> _Problem_
Repeat the whole listing word for word, skipping pictures.

> _Stored data_
+++

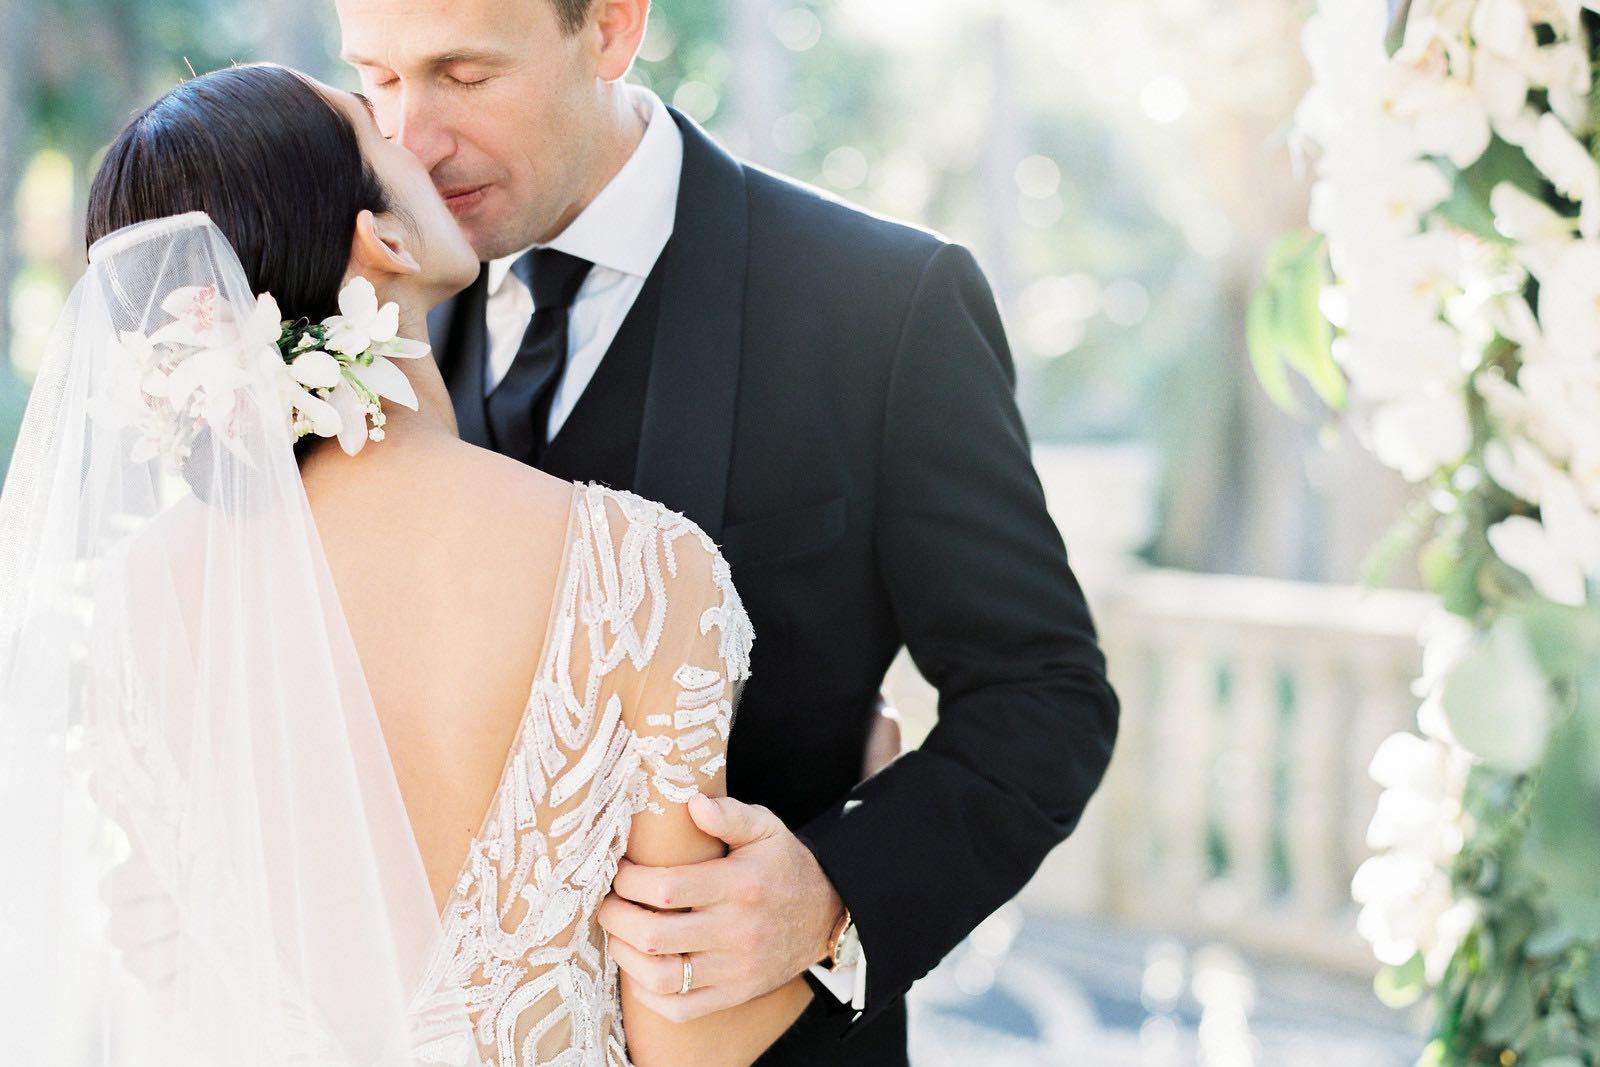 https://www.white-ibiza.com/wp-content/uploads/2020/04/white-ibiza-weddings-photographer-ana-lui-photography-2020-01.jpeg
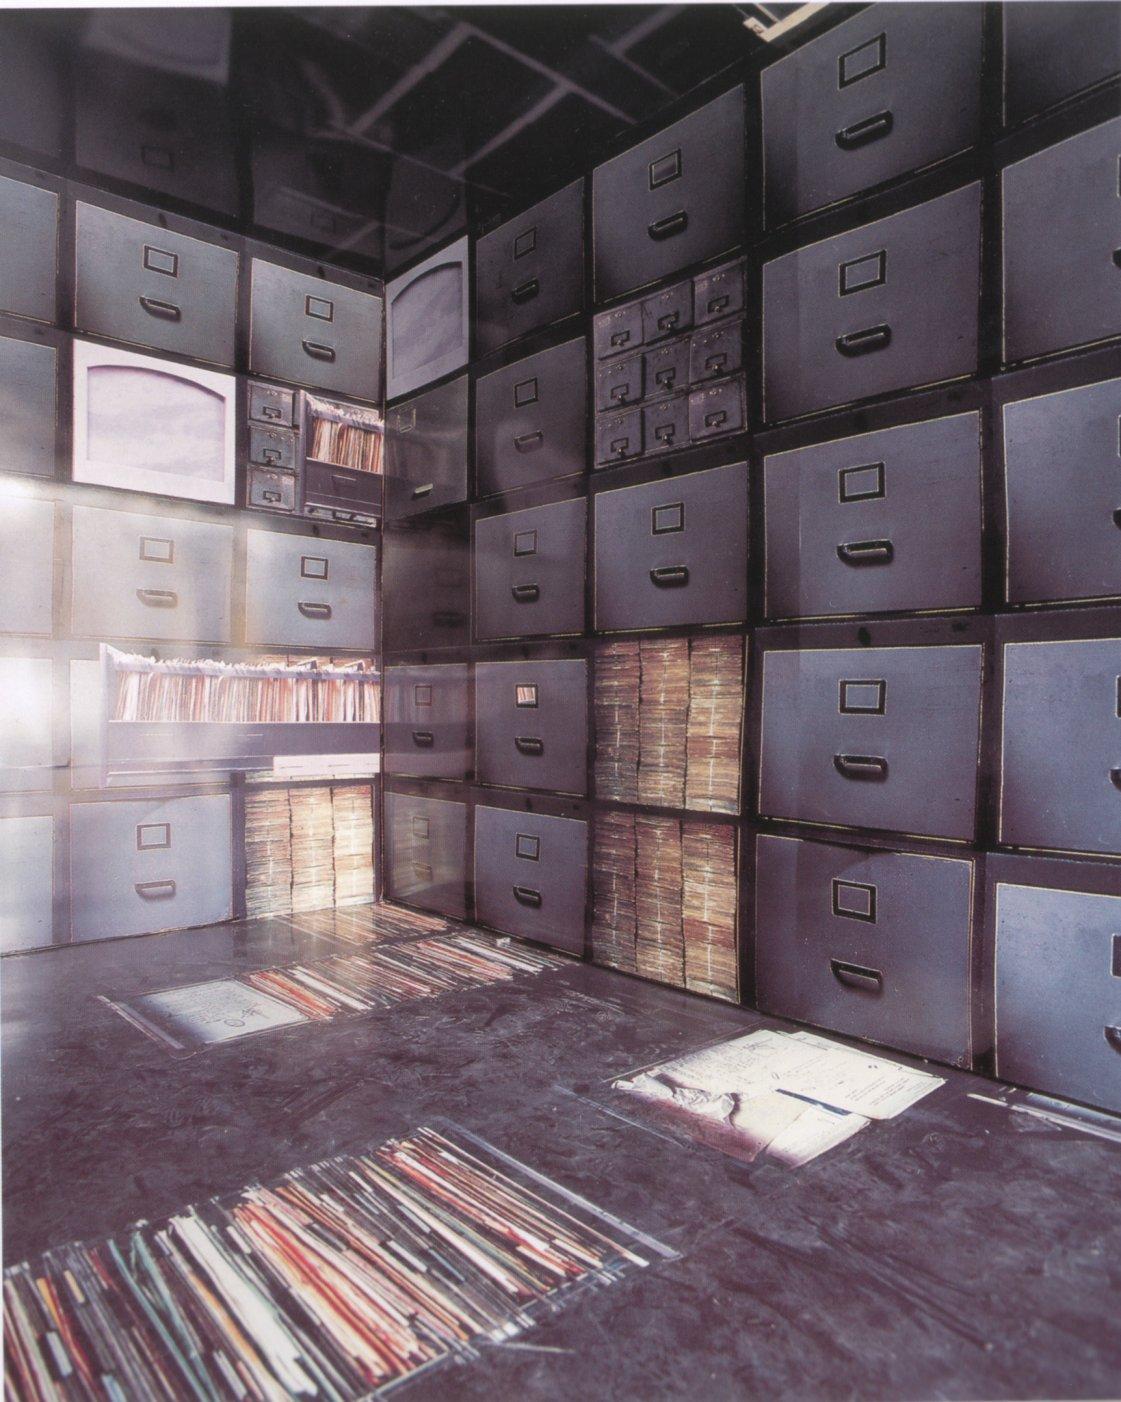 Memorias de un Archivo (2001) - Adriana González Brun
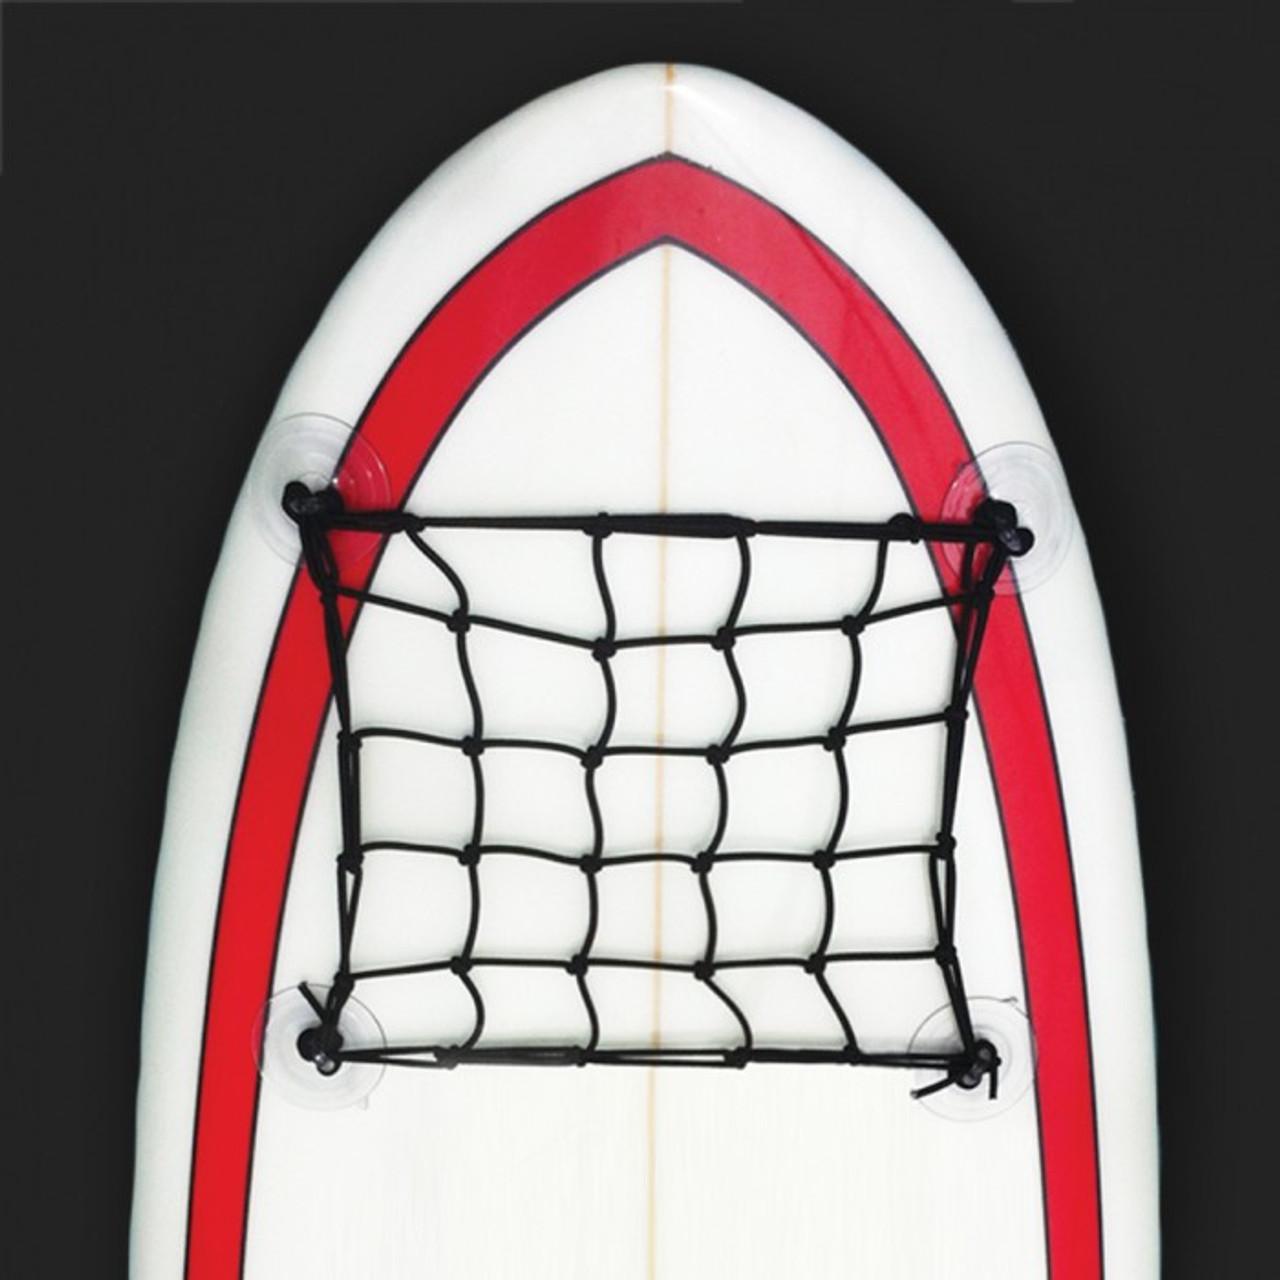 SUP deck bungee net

+++

> _Solution_
 https://www.white-ibiza.com/wp-content/uploads/2020/04/white-ibiza-weddings-photographer-ana-lui-photography-2020-01.jpeg
 Memorias de un Archivo (2001) - Adriana González Brun
 SUP deck bungee net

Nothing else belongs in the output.